● **Raw data**
· · · ·

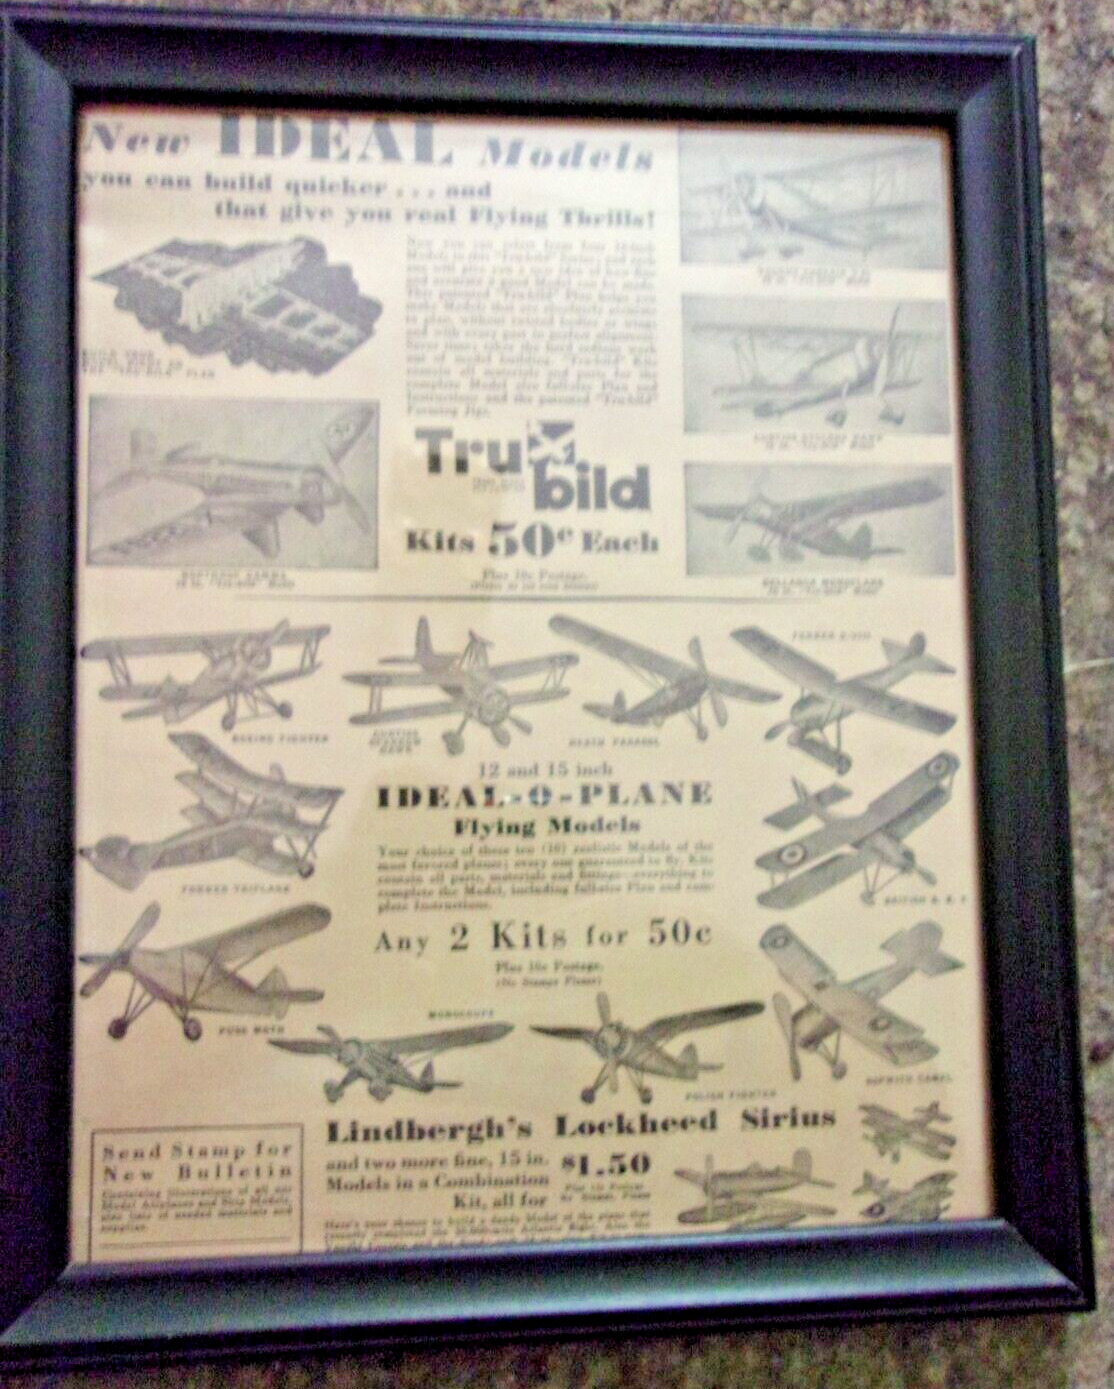 Ideal Models Wood Flying model kits Advertisment March 1934 Framed
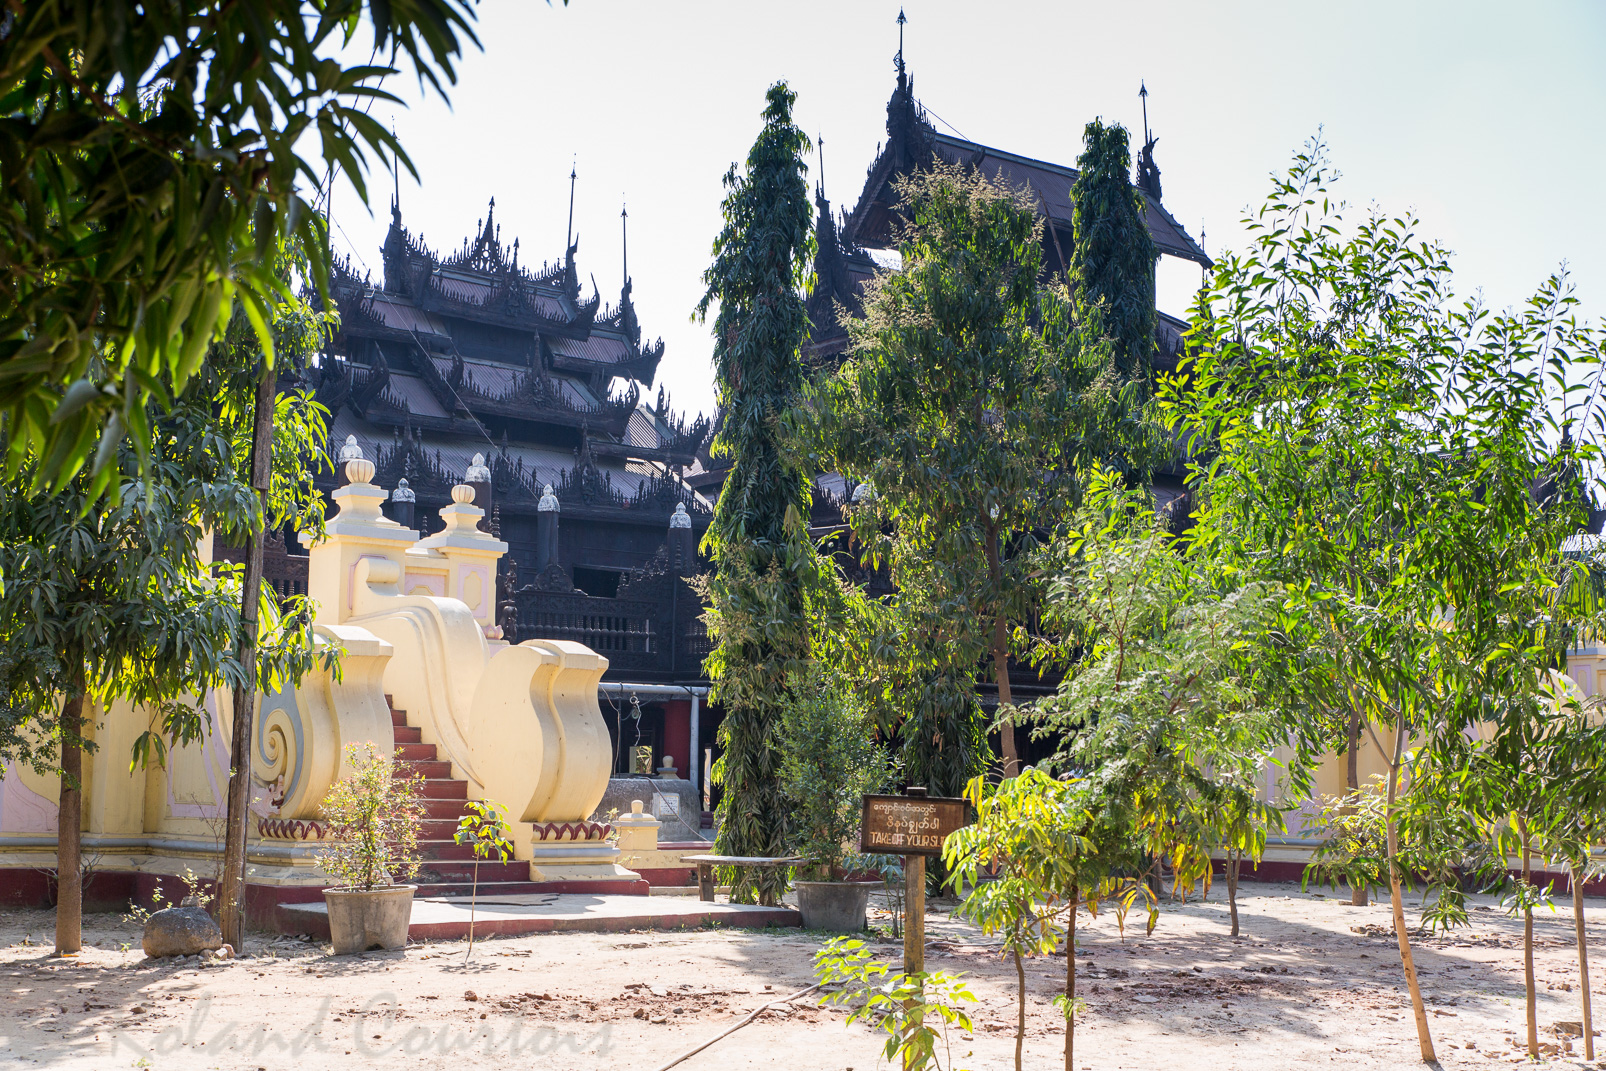 Le monastère Shwe Inbin  (1895) est un remarquable exemple de la sculpture traditionnelle sur bois de Mandalay.
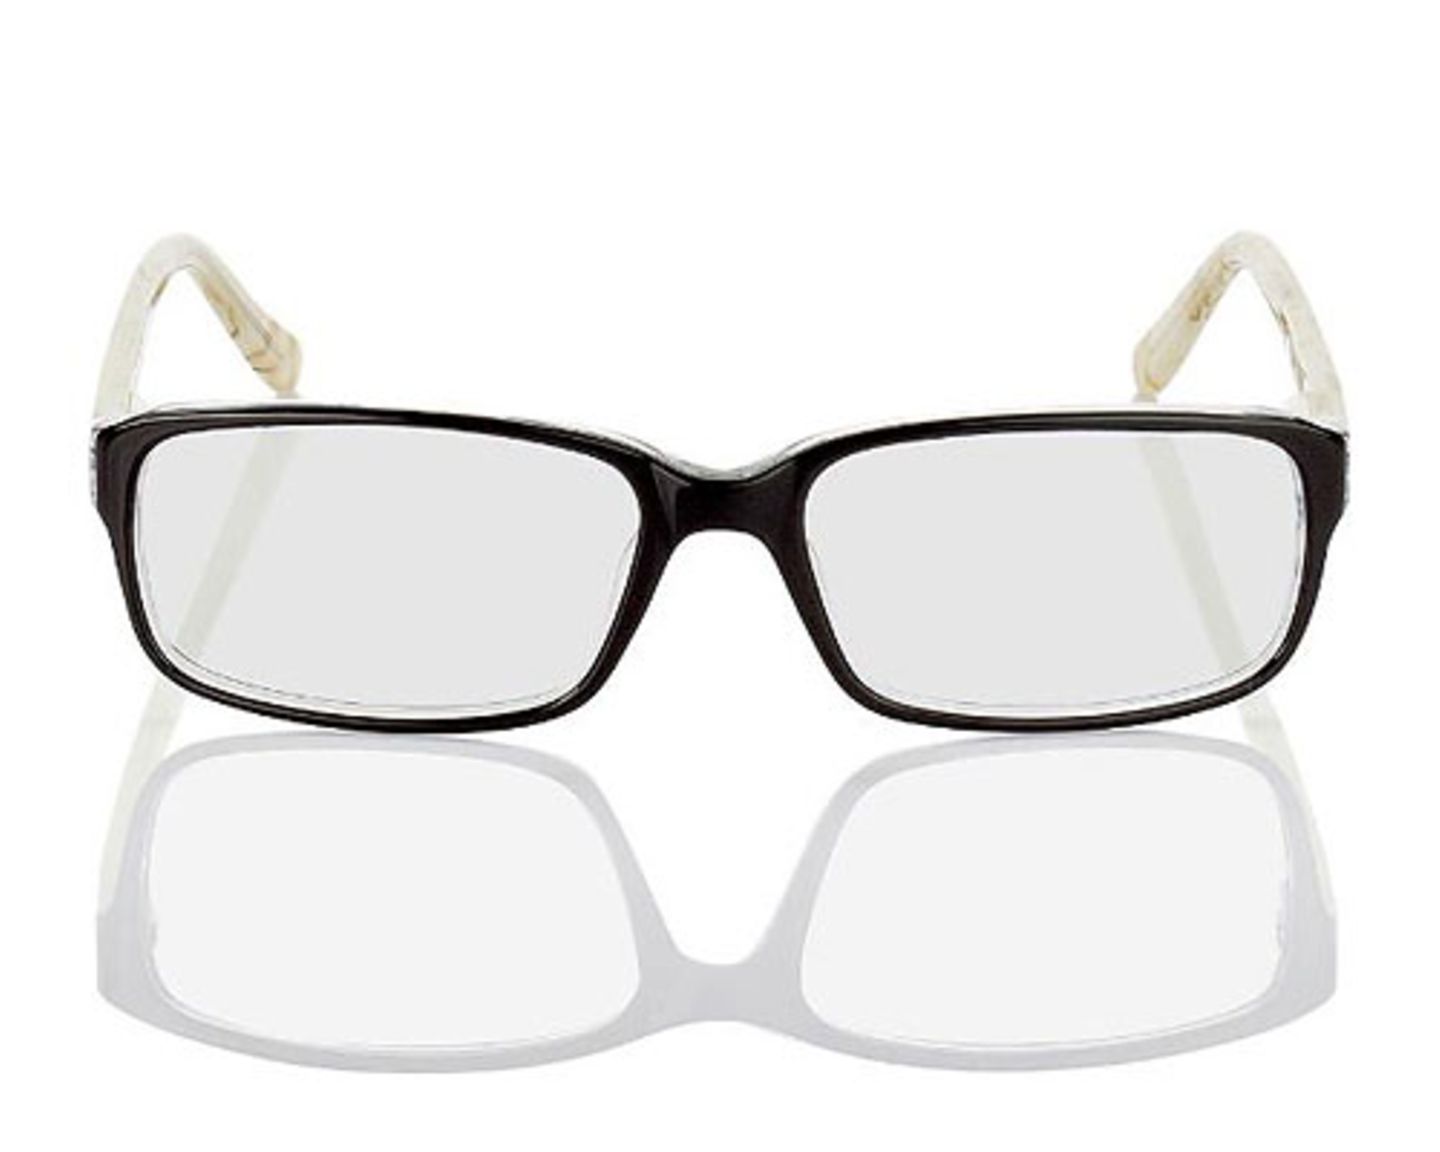 Brille schwarz transparente Bügel
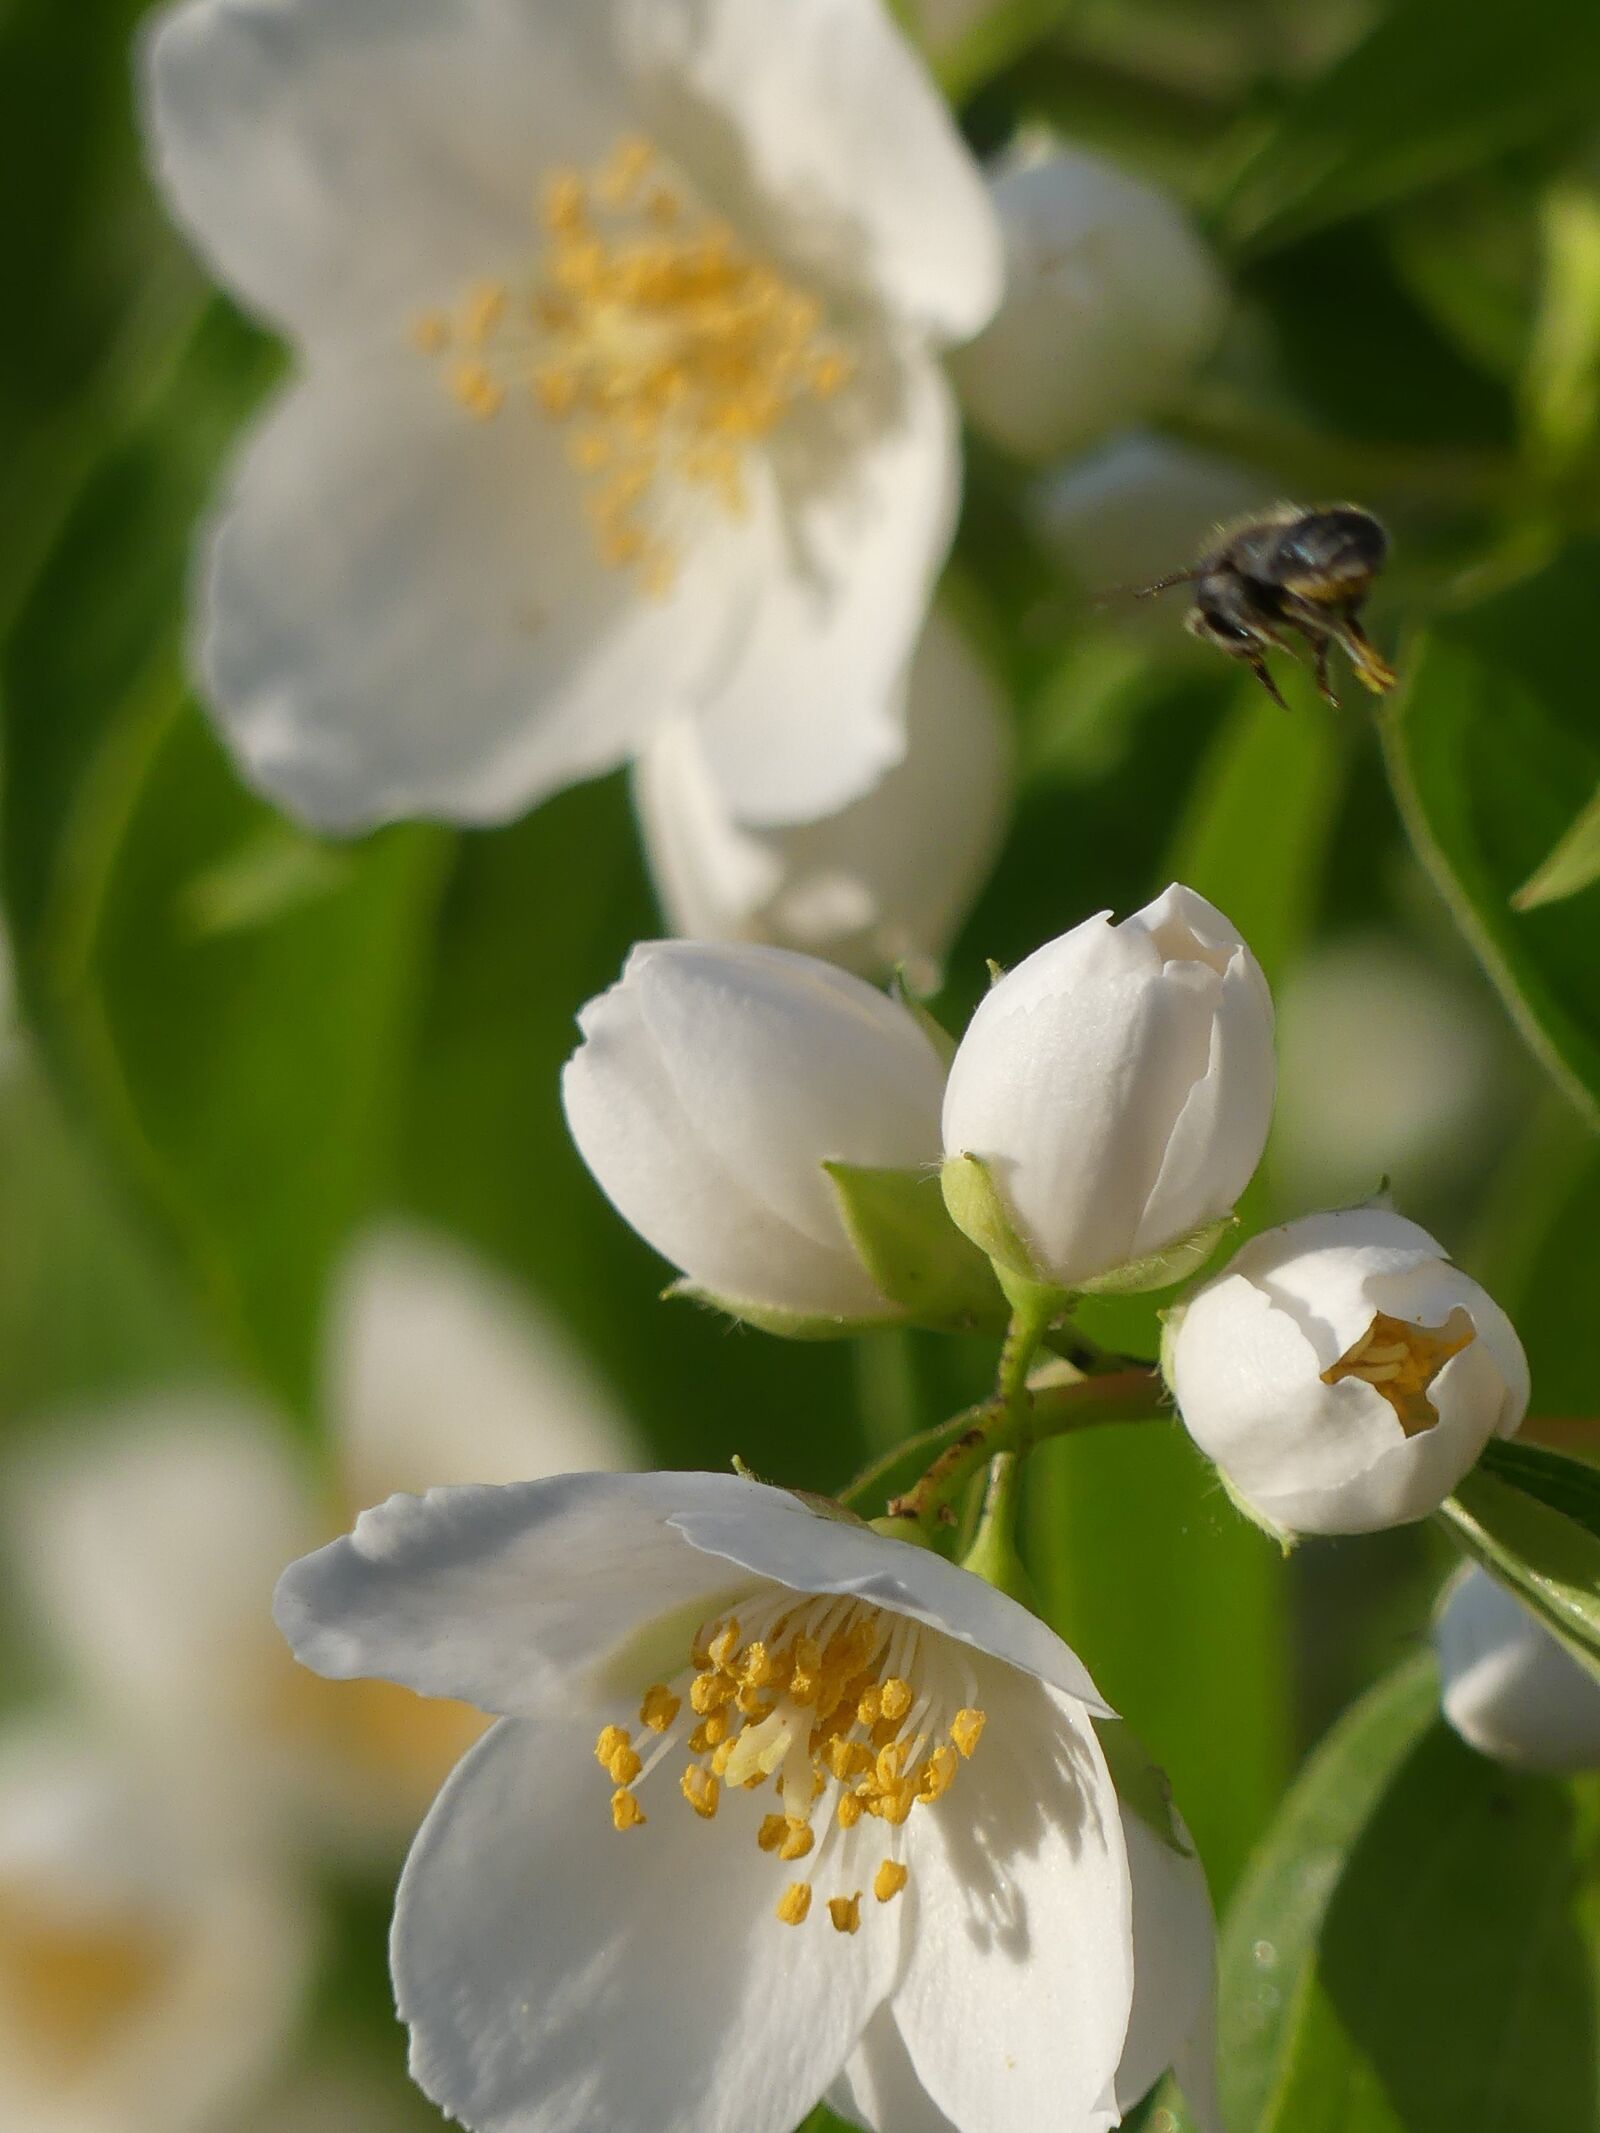 Panasonic DMC-FZ330 sample photo. Flower, nature, honeybee photography

· · · ·

● **Task to complete**
Without including any picture, reproduce the material above word for word.

● **Answer to this task**
 Ideal Models Wood Flying model kits Advertisment March 1934 Framed
 Le monastère Shwe Inbin  (1895) est un remarquable exemple de la sculpture traditionnelle sur bois de Mandalay.
 Brille schwarz transparente Bügel
 Panasonic DMC-FZ330 sample photo. Flower, nature, honeybee photography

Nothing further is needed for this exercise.